TASK DESCRIPTION: Copy the data below verbatim, leaving no line out.

THE INPUT:

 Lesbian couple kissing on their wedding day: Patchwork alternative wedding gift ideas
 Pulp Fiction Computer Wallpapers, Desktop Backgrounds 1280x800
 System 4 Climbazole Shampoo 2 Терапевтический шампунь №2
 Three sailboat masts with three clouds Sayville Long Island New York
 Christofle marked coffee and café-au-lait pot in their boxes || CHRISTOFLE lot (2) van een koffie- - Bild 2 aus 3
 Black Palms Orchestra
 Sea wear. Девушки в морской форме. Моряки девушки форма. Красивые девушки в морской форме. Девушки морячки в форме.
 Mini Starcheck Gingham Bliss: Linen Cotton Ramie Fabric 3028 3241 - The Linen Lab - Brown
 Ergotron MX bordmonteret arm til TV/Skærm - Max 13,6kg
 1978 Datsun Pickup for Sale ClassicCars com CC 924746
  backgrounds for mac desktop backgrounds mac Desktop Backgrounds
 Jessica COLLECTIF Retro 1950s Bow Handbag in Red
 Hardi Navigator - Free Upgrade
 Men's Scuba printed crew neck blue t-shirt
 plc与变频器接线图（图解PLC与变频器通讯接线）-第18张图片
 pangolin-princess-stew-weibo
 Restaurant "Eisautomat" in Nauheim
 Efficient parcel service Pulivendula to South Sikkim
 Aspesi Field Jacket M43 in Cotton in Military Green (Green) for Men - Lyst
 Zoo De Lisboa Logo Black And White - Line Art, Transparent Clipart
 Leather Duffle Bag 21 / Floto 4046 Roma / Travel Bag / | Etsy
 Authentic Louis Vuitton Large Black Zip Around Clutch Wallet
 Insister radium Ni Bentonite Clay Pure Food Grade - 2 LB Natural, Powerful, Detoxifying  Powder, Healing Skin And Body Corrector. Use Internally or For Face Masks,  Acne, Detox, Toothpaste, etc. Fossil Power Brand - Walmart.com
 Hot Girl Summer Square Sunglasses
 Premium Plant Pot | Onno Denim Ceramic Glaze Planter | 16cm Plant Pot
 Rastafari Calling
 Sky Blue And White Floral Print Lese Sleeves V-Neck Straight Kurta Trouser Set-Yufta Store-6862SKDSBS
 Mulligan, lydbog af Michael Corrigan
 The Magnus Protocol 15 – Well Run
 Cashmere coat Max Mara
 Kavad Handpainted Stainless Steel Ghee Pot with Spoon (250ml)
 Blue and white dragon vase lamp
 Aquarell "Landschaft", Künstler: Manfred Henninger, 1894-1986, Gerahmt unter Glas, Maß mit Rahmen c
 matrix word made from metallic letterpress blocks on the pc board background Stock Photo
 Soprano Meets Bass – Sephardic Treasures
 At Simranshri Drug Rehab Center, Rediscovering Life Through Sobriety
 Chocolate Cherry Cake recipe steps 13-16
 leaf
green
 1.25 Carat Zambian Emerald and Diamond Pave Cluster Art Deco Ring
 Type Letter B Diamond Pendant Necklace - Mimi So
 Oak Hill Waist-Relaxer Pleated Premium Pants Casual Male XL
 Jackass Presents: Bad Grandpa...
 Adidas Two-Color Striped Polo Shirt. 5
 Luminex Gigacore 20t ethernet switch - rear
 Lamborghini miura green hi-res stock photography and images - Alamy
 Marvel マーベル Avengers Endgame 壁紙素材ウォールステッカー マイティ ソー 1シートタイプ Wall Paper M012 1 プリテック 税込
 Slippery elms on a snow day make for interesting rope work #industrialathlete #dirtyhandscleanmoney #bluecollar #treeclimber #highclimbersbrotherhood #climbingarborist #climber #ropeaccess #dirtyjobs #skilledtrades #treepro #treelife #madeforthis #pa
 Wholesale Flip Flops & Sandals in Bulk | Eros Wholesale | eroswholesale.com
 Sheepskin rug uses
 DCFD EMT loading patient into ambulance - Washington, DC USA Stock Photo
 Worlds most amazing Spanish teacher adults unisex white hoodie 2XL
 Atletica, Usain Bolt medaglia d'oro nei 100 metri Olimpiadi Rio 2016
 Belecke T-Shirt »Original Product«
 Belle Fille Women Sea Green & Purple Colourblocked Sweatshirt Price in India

OUTPUT OF THE TASK:
 Lesbian couple kissing on their wedding day: Patchwork alternative wedding gift ideas
 Pulp Fiction Computer Wallpapers, Desktop Backgrounds 1280x800
 System 4 Climbazole Shampoo 2 Терапевтический шампунь №2
 Three sailboat masts with three clouds Sayville Long Island New York
 Christofle marked coffee and café-au-lait pot in their boxes || CHRISTOFLE lot (2) van een koffie- - Bild 2 aus 3
 Black Palms Orchestra
 Sea wear. Девушки в морской форме. Моряки девушки форма. Красивые девушки в морской форме. Девушки морячки в форме.
 Mini Starcheck Gingham Bliss: Linen Cotton Ramie Fabric 3028 3241 - The Linen Lab - Brown
 Ergotron MX bordmonteret arm til TV/Skærm - Max 13,6kg
 1978 Datsun Pickup for Sale ClassicCars com CC 924746
  backgrounds for mac desktop backgrounds mac Desktop Backgrounds
 Jessica COLLECTIF Retro 1950s Bow Handbag in Red
 Hardi Navigator - Free Upgrade
 Men's Scuba printed crew neck blue t-shirt
 plc与变频器接线图（图解PLC与变频器通讯接线）-第18张图片
 pangolin-princess-stew-weibo
 Restaurant "Eisautomat" in Nauheim
 Efficient parcel service Pulivendula to South Sikkim
 Aspesi Field Jacket M43 in Cotton in Military Green (Green) for Men - Lyst
 Zoo De Lisboa Logo Black And White - Line Art, Transparent Clipart
 Leather Duffle Bag 21 / Floto 4046 Roma / Travel Bag / | Etsy
 Authentic Louis Vuitton Large Black Zip Around Clutch Wallet
 Insister radium Ni Bentonite Clay Pure Food Grade - 2 LB Natural, Powerful, Detoxifying  Powder, Healing Skin And Body Corrector. Use Internally or For Face Masks,  Acne, Detox, Toothpaste, etc. Fossil Power Brand - Walmart.com
 Hot Girl Summer Square Sunglasses
 Premium Plant Pot | Onno Denim Ceramic Glaze Planter | 16cm Plant Pot
 Rastafari Calling
 Sky Blue And White Floral Print Lese Sleeves V-Neck Straight Kurta Trouser Set-Yufta Store-6862SKDSBS
 Mulligan, lydbog af Michael Corrigan
 The Magnus Protocol 15 – Well Run
 Cashmere coat Max Mara
 Kavad Handpainted Stainless Steel Ghee Pot with Spoon (250ml)
 Blue and white dragon vase lamp
 Aquarell "Landschaft", Künstler: Manfred Henninger, 1894-1986, Gerahmt unter Glas, Maß mit Rahmen c
 matrix word made from metallic letterpress blocks on the pc board background Stock Photo
 Soprano Meets Bass – Sephardic Treasures
 At Simranshri Drug Rehab Center, Rediscovering Life Through Sobriety
 Chocolate Cherry Cake recipe steps 13-16
 leaf
green
 1.25 Carat Zambian Emerald and Diamond Pave Cluster Art Deco Ring
 Type Letter B Diamond Pendant Necklace - Mimi So
 Oak Hill Waist-Relaxer Pleated Premium Pants Casual Male XL
 Jackass Presents: Bad Grandpa...
 Adidas Two-Color Striped Polo Shirt. 5
 Luminex Gigacore 20t ethernet switch - rear
 Lamborghini miura green hi-res stock photography and images - Alamy
 Marvel マーベル Avengers Endgame 壁紙素材ウォールステッカー マイティ ソー 1シートタイプ Wall Paper M012 1 プリテック 税込
 Slippery elms on a snow day make for interesting rope work #industrialathlete #dirtyhandscleanmoney #bluecollar #treeclimber #highclimbersbrotherhood #climbingarborist #climber #ropeaccess #dirtyjobs #skilledtrades #treepro #treelife #madeforthis #pa
 Wholesale Flip Flops & Sandals in Bulk | Eros Wholesale | eroswholesale.com
 Sheepskin rug uses
 DCFD EMT loading patient into ambulance - Washington, DC USA Stock Photo
 Worlds most amazing Spanish teacher adults unisex white hoodie 2XL
 Atletica, Usain Bolt medaglia d'oro nei 100 metri Olimpiadi Rio 2016
 Belecke T-Shirt »Original Product«
 Belle Fille Women Sea Green & Purple Colourblocked Sweatshirt Price in India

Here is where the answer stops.